The magic is almost complete ^^

Answer 48

Now that I see it, there WAS a typo...
A thousand apologies... the step before this one SHOULD have been...
\[\LARGE \frac{\color{blue}{\frac{\sin(\alpha)\cos(\beta)}{\cos(\alpha ) \cos(\beta)}}+\color{red}{\frac{\cos(\alpha)\sin(\beta)}{\cos(\alpha)\cos(\beta)}}}{\color{violet}{{\frac{\cos(\alpha)\cos(\beta)}{\cos(\alpha)\cos(\beta)}}}-\color{green}{\frac{\sin(\alpha)\sin(\beta)}{\cos(\alpha)\cos(\beta)}}}\]

Answer 49

This is the correction:
\[\LARGE \frac{\color{blue}{\frac{\sin(\alpha)\cos(\beta)}{\cos(\color{black}{\boxed \alpha}) \cos(\beta)}}+\color{red}{\frac{\cos(\alpha)\sin(\beta)}{\cos(\alpha)\cos(\beta)}}}{\color{violet}{{\frac{\cos(\alpha)\cos(\beta)}{\cos(\alpha)\cos(\beta)}}}-\color{green}{\frac{\sin(\alpha)\sin(\beta)}{\cos(\alpha)\cos(\beta)}}}\]

Answer 50

So... that carelessness aside... still with me?

Answer 51

Recap:
This:\[\LARGE \frac{\color{blue}{\frac{\sin(\alpha)\cos(\beta)}{\cos(\alpha ) \cos(\beta)}}+\color{red}{\frac{\cos(\alpha)\sin(\beta)}{\cos(\alpha)\cos(\beta)}}}{\color{violet}{{\frac{\cos(\alpha)\cos(\beta)}{\cos(\alpha)\cos(\beta)}}}-\color{green}{\frac{\sin(\alpha)\sin(\beta)}{\cos(\alpha)\cos(\beta)}}}\]

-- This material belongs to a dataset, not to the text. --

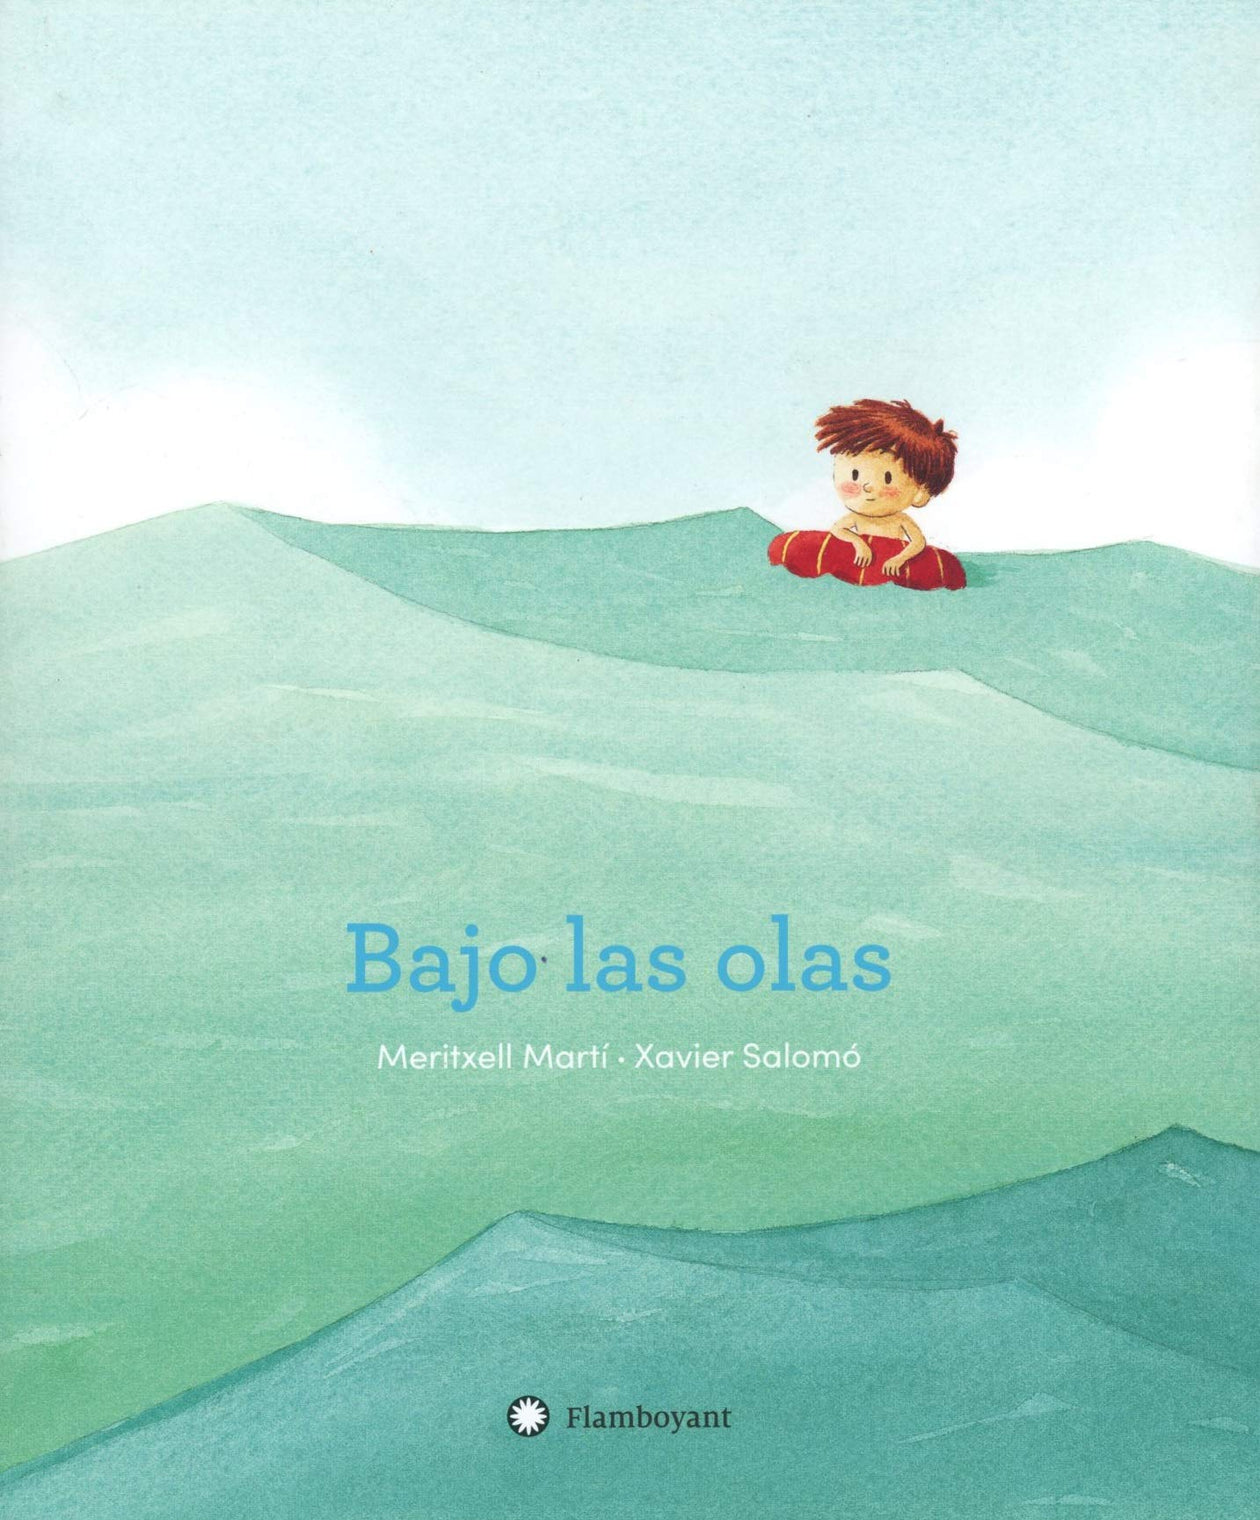 Meritxell Martí: Bajo las olas, illustrated by Xavier Salomo

Becomes THIS:\[\LARGE \frac{\color{brown}{\frac1{\cos(\alpha)\cos(\beta)}}\left[\color{blue}{\sin(\alpha)\cos(\beta)} + \color{red}{\cos(\alpha)\sin(\beta)}\right] }{\color{brown}{\frac1{\cos(\alpha)\cos(\beta)}}\left[\color{violet}{\cos(\alpha)\cos(\beta)}-\color{green}{\sin(\alpha)\sin(\beta)} \right]}\]
after factoring out ^^

Answer 52

Lol it's straight... I got it

Answer 53

Now, this part cancels out, right?
\[\LARGE \frac{\cancel {\frac1{\cos(\alpha)\cos(\beta)}}\left[\color{blue}{\sin(\alpha)\cos(\beta)} + \color{red}{\cos(\alpha)\sin(\beta)}\right] }{\cancel{\frac1{\cos(\alpha)\cos(\beta)}}\left[\color{violet}{\cos(\alpha)\cos(\beta)}-\color{green}{\sin(\alpha)\sin(\beta)} \right]}\]

Answer 54

omgeez so many steps >.<
But that's very magical lol

Answer 55

Still with me? ^^

Answer 56

Yes..

Answer 57

We're left with \[\Large \frac{\color{blue}{\sin(\alpha)\cos(\beta)}+\color{red}{\cos(\alpha)\sin(\beta)}}{\color{violet}{\cos(\alpha)\cos(\beta)}-\color{green}{\sin(\alpha)\sin(\beta)}}\]
right?
We're almost there... does the numerator look familiar to you?
Look back at the three equations I asked you to remember before we started this...

Answer 58

it looks exactly like it...

Answer 59

the denominator, too

Answer 60

Yes it does... so can you simplify the numerator and the denominator? ^^

Answer 61

simplify.. make look simpler...

Answer 62

I think so... since \[\tan(\alpha) = \frac{ \sin(\alpha) }{ \cos(\alpha) }\]

Answer 63

Try not to get ahead of yourself, though.... step-by-step ^_^

Answer 64

o.o
I think it looks like this
idk...
\[\frac{ \sin(\alpha) + \cos(\beta) }{ \cos(\alpha) - \sin(\beta) }\]

Answer 65

No... close, but no.
What is sin(A)cos(B) + cos(A)sin(B) equal to?
Look back to the equations...

Answer 66

sin(A+B)

Answer 67

So... care to revise your simplification? :P

Answer 68

I'm looking back and forth and I don't see where the error is >.<
Why isn't it supposed to look like that?

Answer 69

Well, for starters, as you said,
sin(A)cos(B) + cos(A)sin(B) = sin(A+B)

NOT
sin(A) + cos(B)

:P

Answer 70

hold on hold on sorries gimmie 5 minutes >.<

Answer 71

Sorry... back...
and ooooh
I see...
But
I don't see how I'd get that though

Answer 72

You did. Otherwise, where did THESE come from?

Answer 73

So please, redo the simplification of
\[\Large \frac{\color{blue}{\sin(\alpha)\cos(\beta)}+\color{red}{\cos(\alpha)\sin(\beta)}}{\color{violet}{\cos(\alpha)\cos(\beta)}-\color{green}{\sin(\alpha)\sin(\beta)}}\]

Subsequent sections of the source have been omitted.